Last week Kwantlen Polytechnic University hosted the first Voices of Muslim Women (VMW) Film Festival as well as the first annual Muslim Woman of the Year Awards. VMW creates a space to open up conversation amongst a diverse group of Muslim women. Women of all ages sat together once a week for four weeks to create digital stories highlighting their individual experiences as Muslim Women.
The program was lead by social justice visionary Aisha Amijie. “Digital, visual and multimedia literacies are emerging and invaluable skills that are increasingly being mandated at provincial and federal levels of government and within the educational theory. We can no longer think of ‘literacy’ as learning to read words on a page but must think of it as learning to read and write through photos, video, sound, music, animation, and interactivity.” – Aisha Amije.
Students explored many diverse topics relatable to POC/WOC (people of colour, women of colour) within and outside of the Muslim community. Digital stories tackled social justice topics of race, marriage, gender roles, mixed race families, legacies, body image, and bullying.
“Live your life by your own rules, you do not need to wear a hijab to be considered a Muslim woman”
Participant Sharina Mohammed took a comedic approach to out-dated judgments and expectations Muslim women have placed on them within the household titled “How Round is your Roti”. Sharina hysterically challenged the audience’s perception of a woman’s worth by highlighting how regardless how educated, successful and loving a woman can be, her worth within the community is determined by her ability to complete household tasks such as cooking ethnic foods.
The night was capped off with an award ceremony honoring 5 phenomenal women making strides in the Muslim community. These women have fearlessly played a vital role in facilitating resources, educating students and creating opportunities for effective change here in our city of Surrey. Below are recipients of the first annual Muslim Women of the Year Awards.
Naveen Zafar a TEDx speaker, mentor, and founder of 2 university clubs targeted to connecting and educating the community was awarded the Young women of distinction award.
You can view Naveen’s Tedx Talk here.
Irath Syed who is well known for being a public speaker breaking through moral panics in the Muslim community was awarded the Social Justice and Community Activism Award. Itrath is currently working on her PHD and teaching multiple communities about the different lenses of Islam.
Qamrul Mohammed received the Lifetime Achievement Award for her tireless efforts to bring communities together and her focus on health and wellbeing of the community. Qamrul is a founding member of the Rape Crisis Centre for Muslim Women and works with multiple organizations in Surrey to fight for mental and physical wellness within the community.
Nassim Elbardouh educates and empowers her students by breaking down stereotypical media representations of Islam and women. Nassim received the Education and Leadership Award.

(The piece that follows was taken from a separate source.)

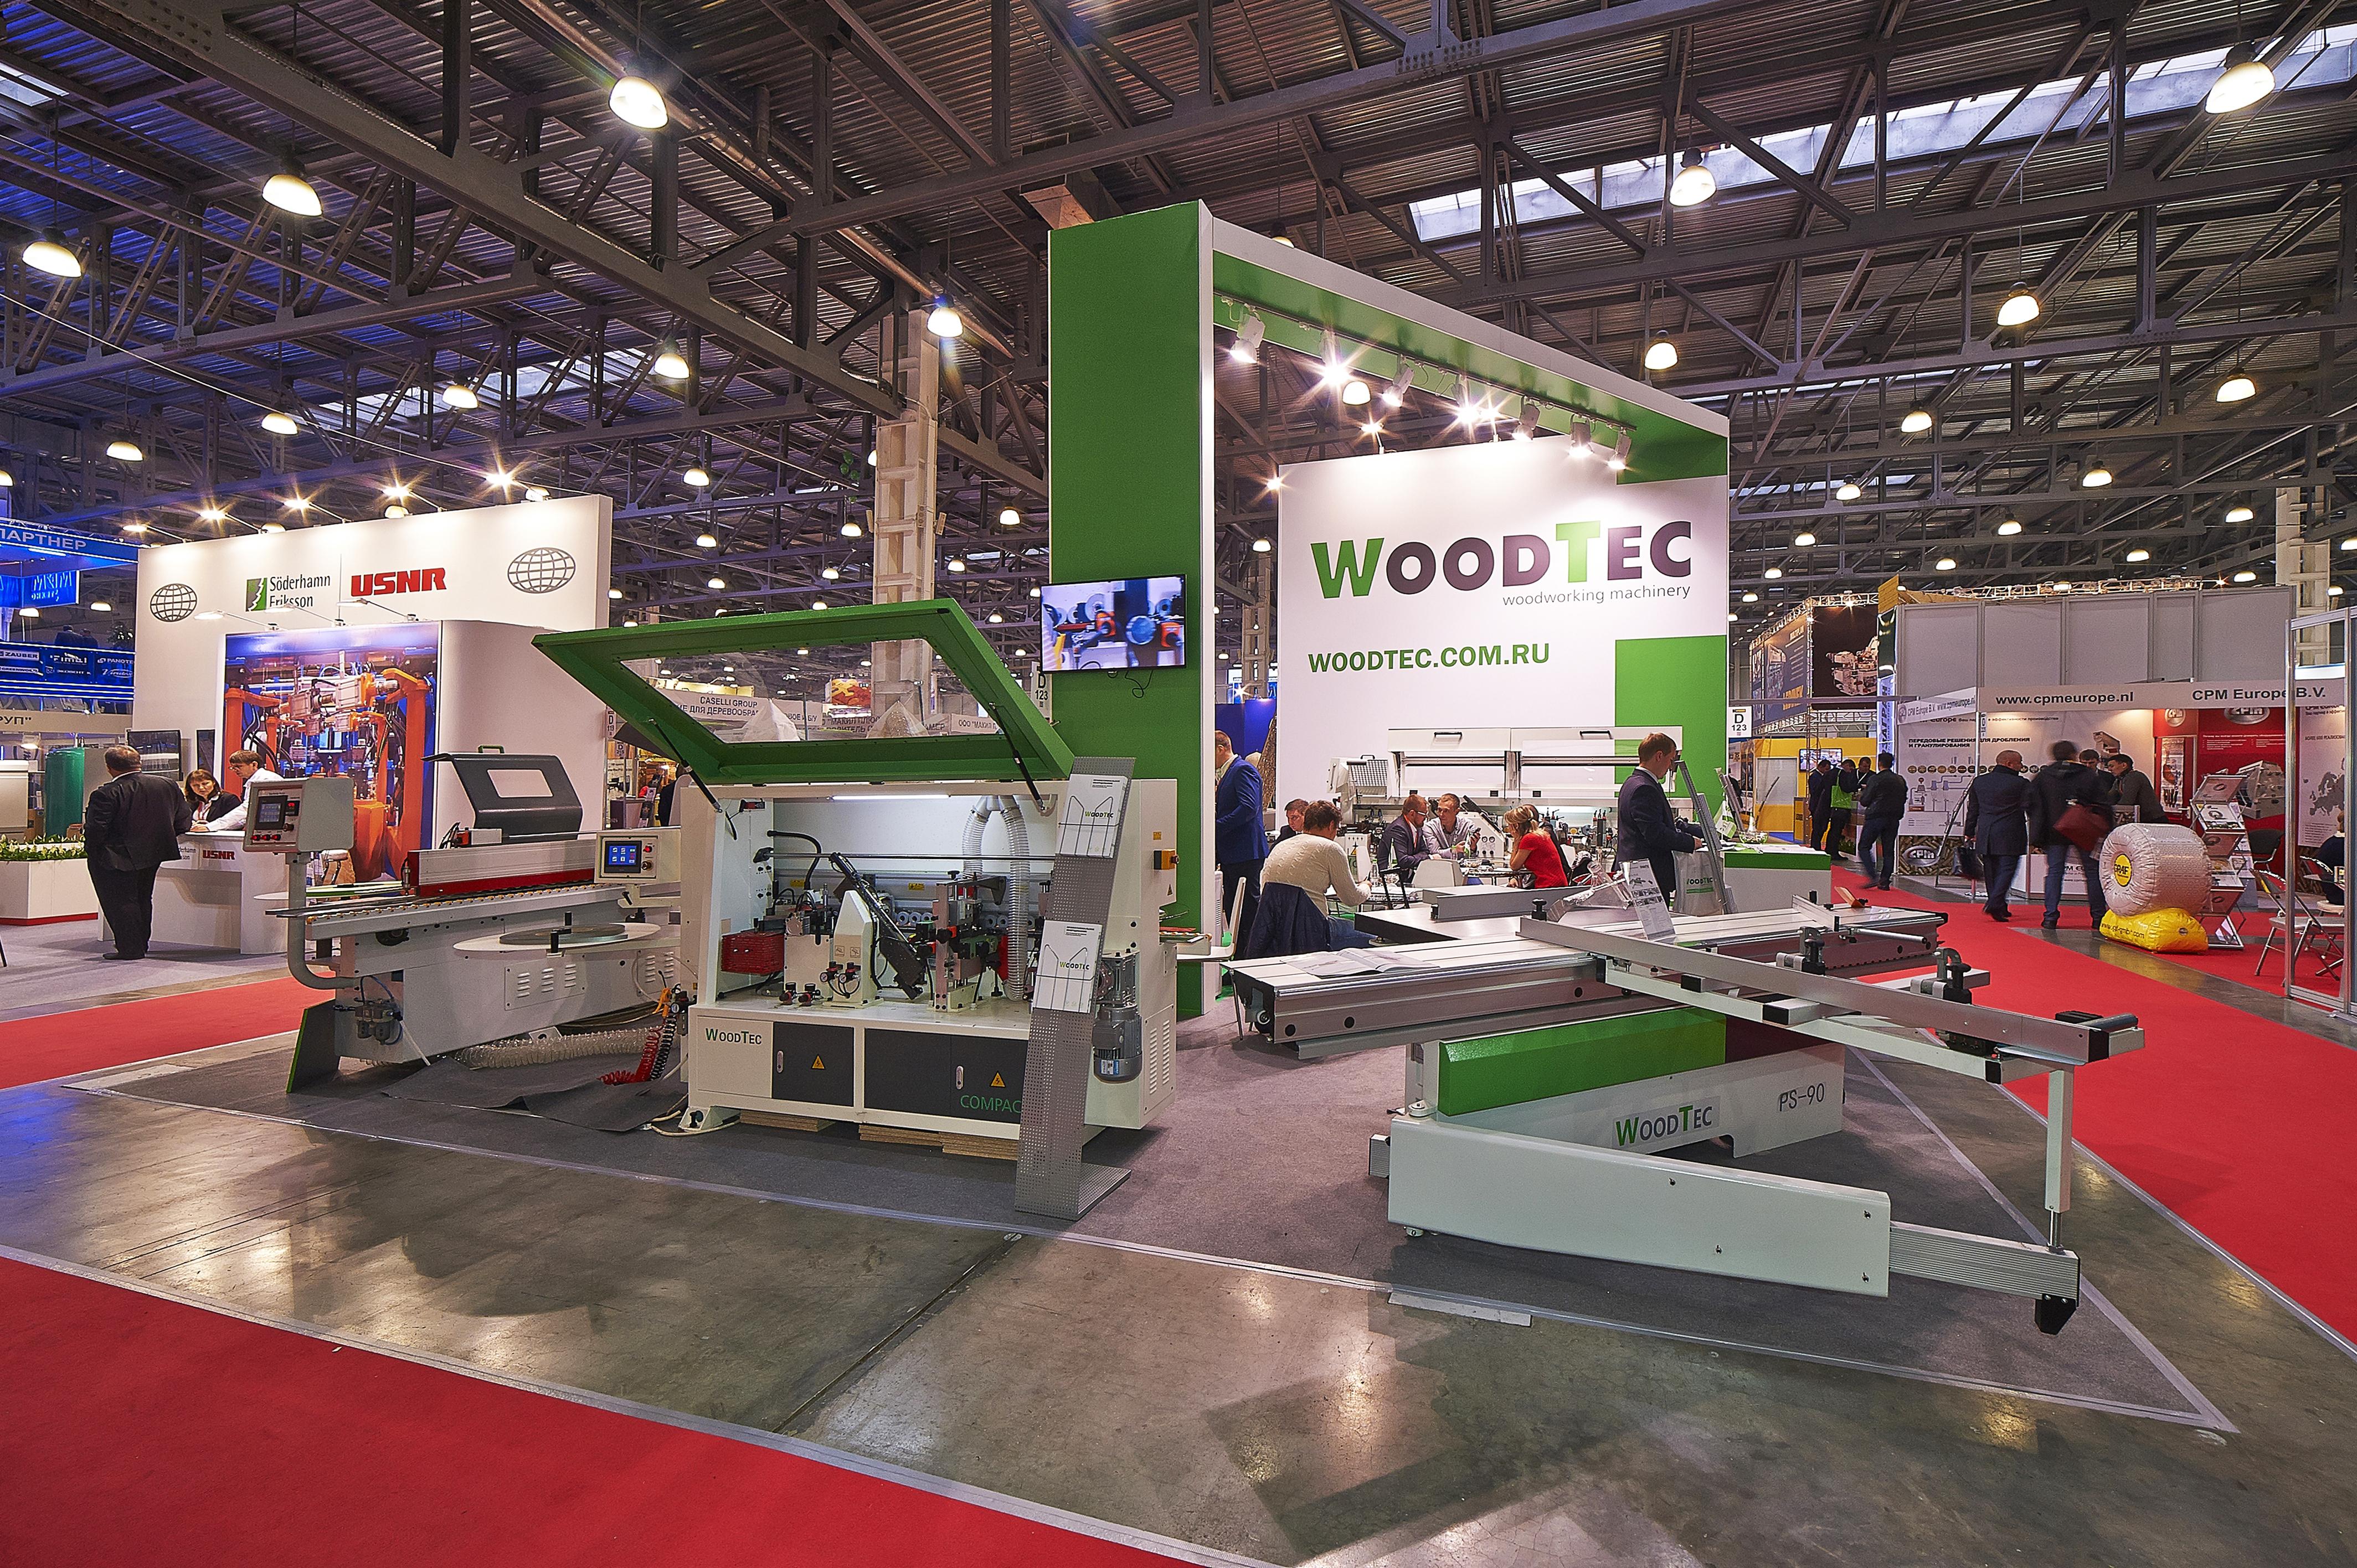 Woodtec_300dpi_9

Yasmine Youssef established NISA homes, plays a major role in forming the refugee task force and is the organizer of the first Muslim Women networking event, BLOOM. Outside of her personal strides to unify the Muslim community she is a panelist at SFU’s Muslim Student Association as well has partnered with Muslim Association of Canada to hold a self-defense workshop for women and youth of all ages. Yasmine received the Champion of Women Award.